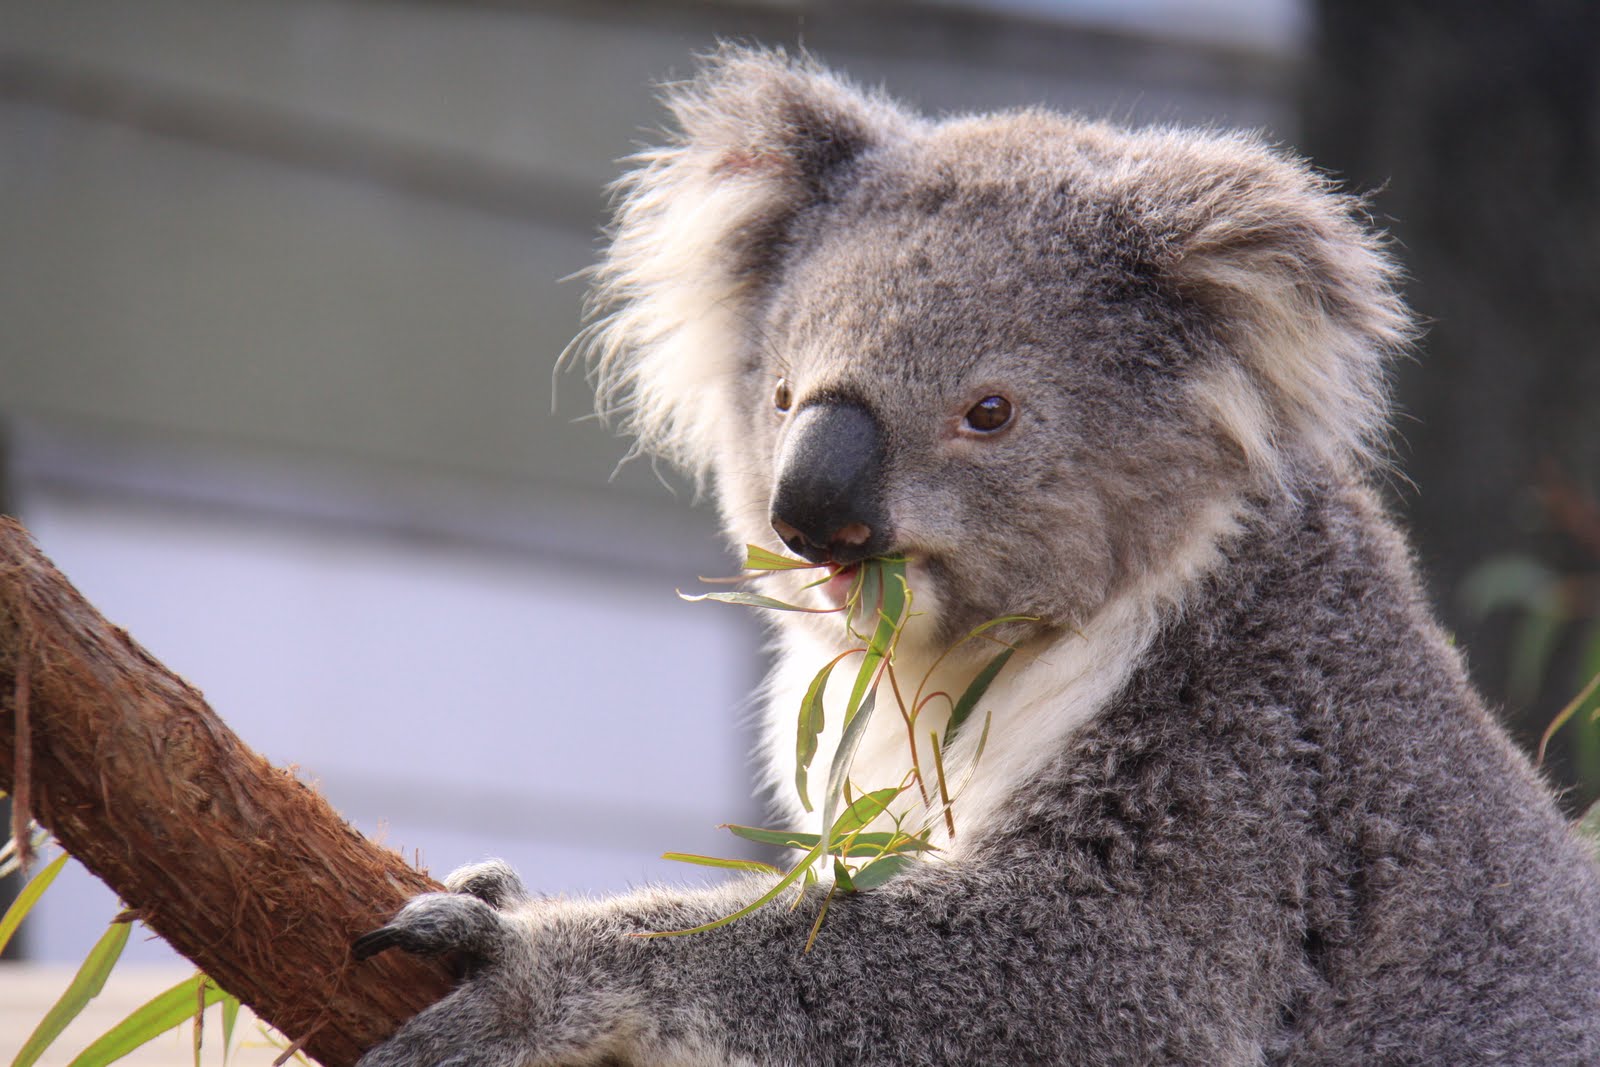 Koala Bear, photograph by Donald Shearman
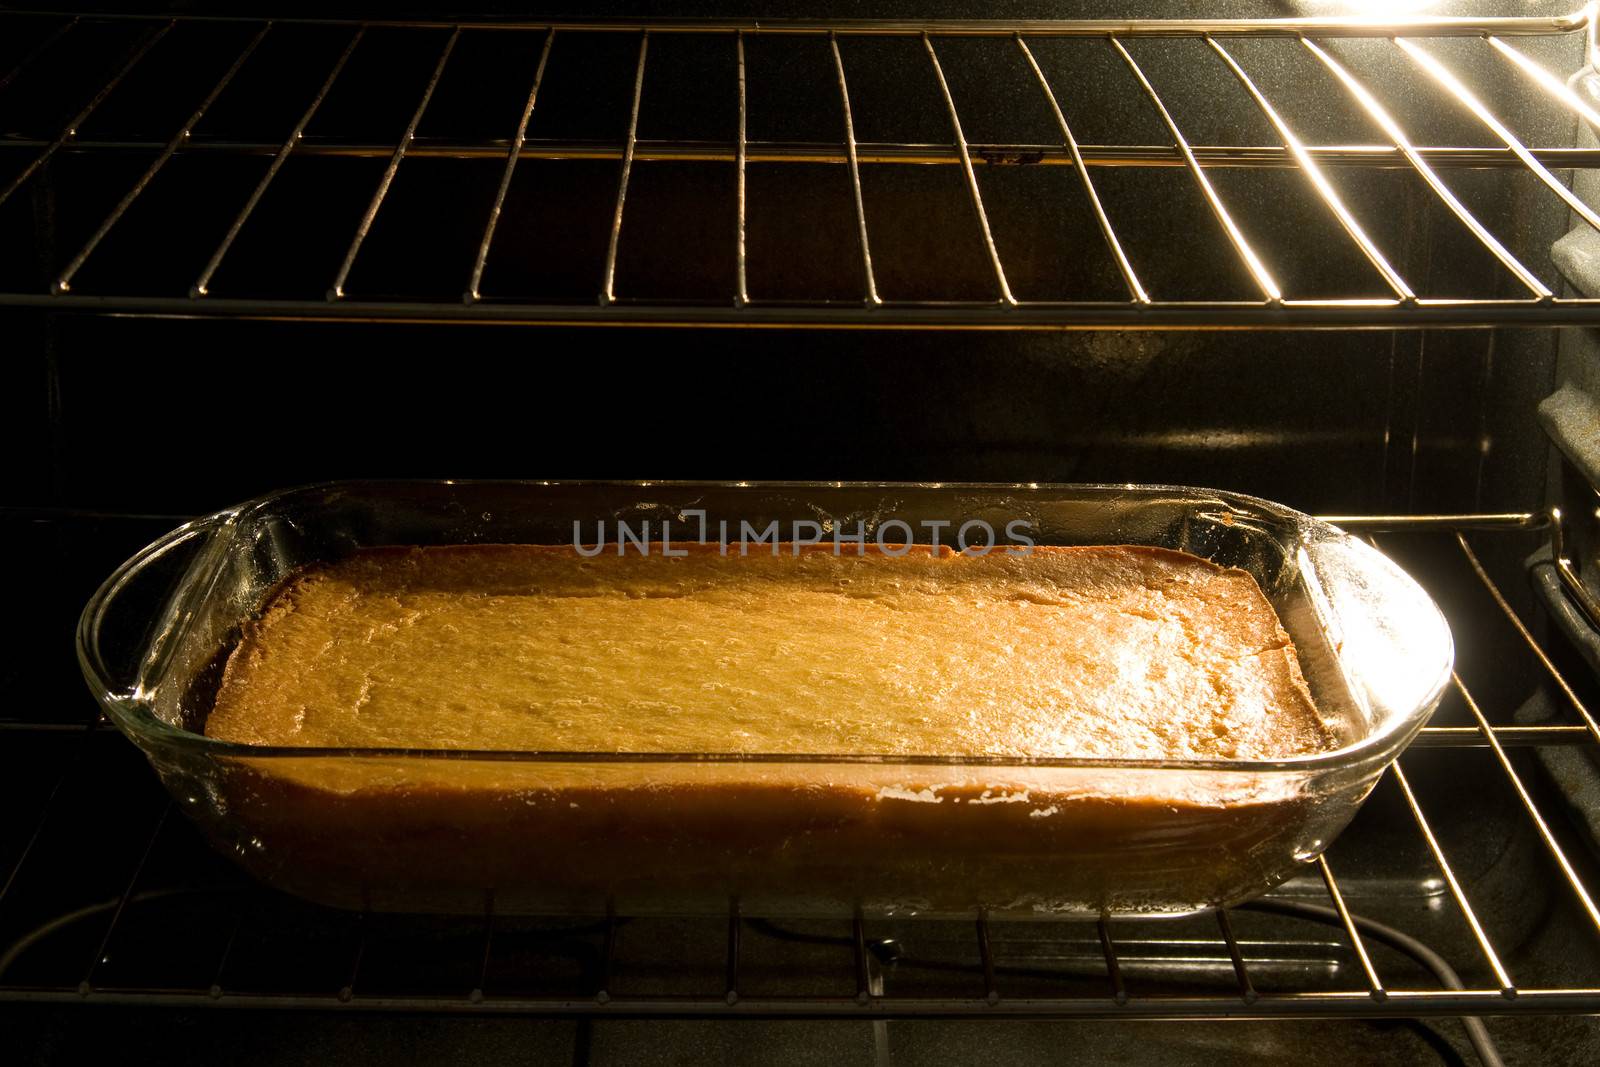 Closeup of corn cake baking in oven.
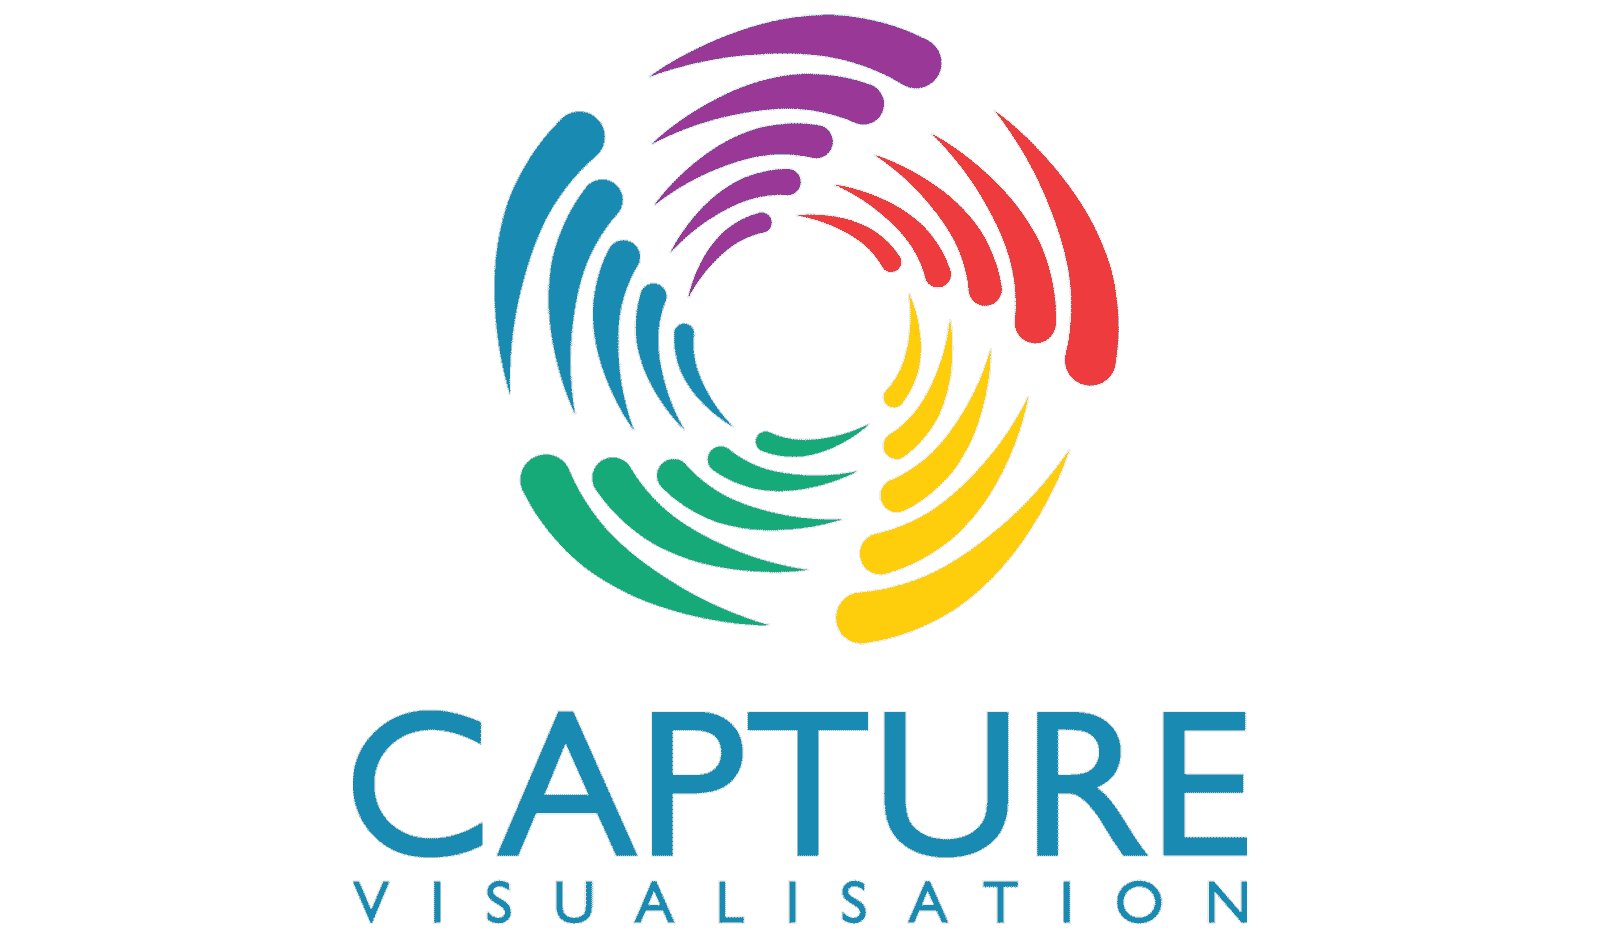 Formation Capture Visualisation
····················
**WHAT IS EXPECTED**
A verbatim transcript of the material above, with images dropped, is the expected output.

**RESPONSE TO THE TASK**
 Koala Bear, photograph by Donald Shearman
 Closeup of corn cake baking in oven.
 Formation Capture Visualisation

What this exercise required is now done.